Пассажир, сын покойной, мужчина полуседой, в плаще, с галстуком, крутился непоседливо: солнце, первая зелень, которой он в городе не замечал, тёплый чистый ветер – всё расслабляло его, и он, спасаясь от слёз, невольно искал посторонних впечатлений. Вот на лугу стадо бродит – коровы, овцы; и он спрашивает себя: «А где же пастух?..» Вот мальчишка колет дрова: полено установил, кепку поправил, замахнулся – и пропал за углом дома: «Расколол или нет?..» Но враждебные звуки отвлекали его от нарочитых мыслей: гудел ветер у приоткрытого окна, словно трепал прочную материю; настороженно, как заяц в норе, барабанили колёса по неровному асфальту – и тоска к нему возвращалась.
Покойница – она при жизни завещала себя похоронить на родине, на староверческом кладбище.


У матери, кроме молитв, в квартире было два занятия: поливать цветы и выносить мусор. Как-то, ещё в феврале, она вернулась с улицы и, не раздеваясь, только платок откинув на плечи, села, настороженная, в гостиной на диван, уперев кулачки рядом с собою, стала прислушиваться к чему-то – маленькая головка поднята, тёмные шнурки-косоплётки торчат в бесцветных прядях, -- сказала: «Теперь помру». Оказалось, она, вынося мусор, на обратном пути ошиблась подъездом. Но тут же и посмеялась со снохой, с Любовью Давыдовной над своей оплошкой.

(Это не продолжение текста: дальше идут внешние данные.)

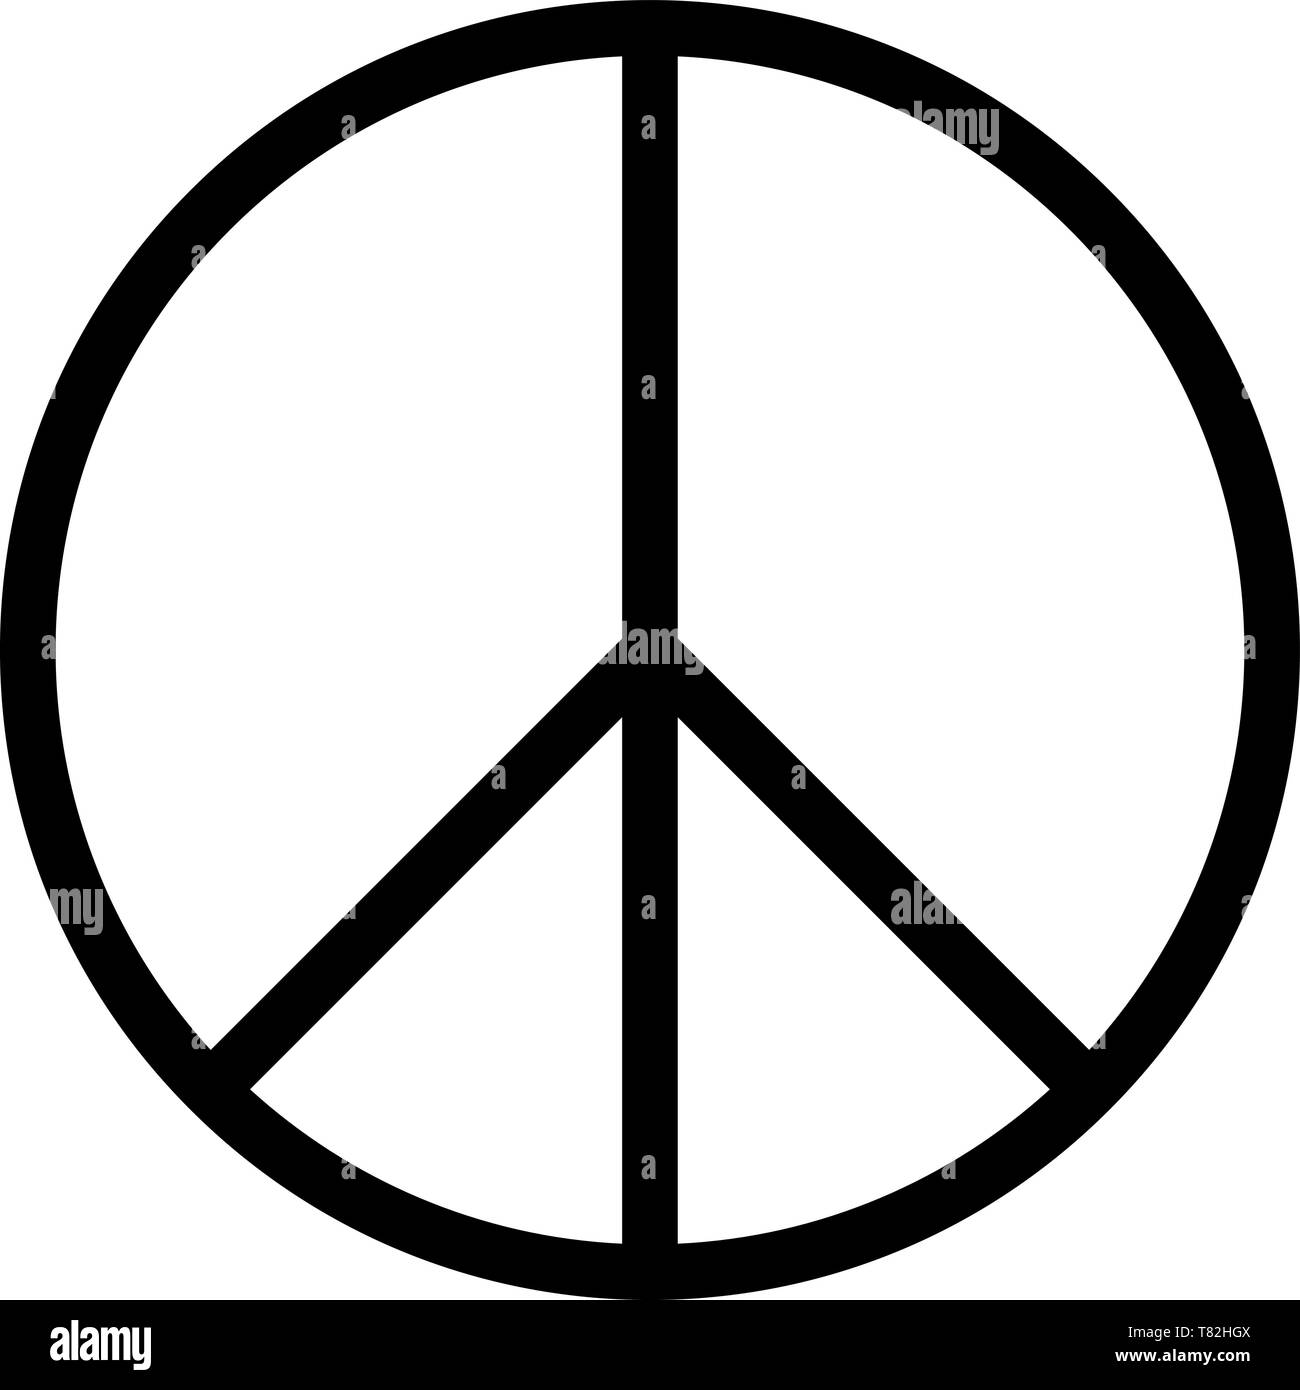 peace sign rune lifelun deathrune algiz war resistance Stock Vector

Весна в этом году была ранняя, а в городе – для неё, матери, -- и обманчивая: уже в начале марта на улицах сгребали машинами снег и увозили куда-то, по ночам на лестнице верещали коты, а днём почему-то забирались на деревья и сидели там подолгу – что тут за примета?.. Михаил Осипович – в отличие от жены – знал, о чём и как с матерью толковать: «На полях-то, наверно, ещё снег», -- говори он, сосредоточенно глядя матери в лицо – будто тренируясь в разговорной речи на иностранном языке. «Скоро затает – да не скоро сойдёт!» -- охотно поддакивала мать, как поддакивают хозяевам гости. В этих кратких разговорах был не только дальний отзвук чего-то чуждого квартире, но ещё и первые слабые намёки на предстоящую поездку: Михаил Осипович привозил мать из деревни осенью, а увозил обратно весной.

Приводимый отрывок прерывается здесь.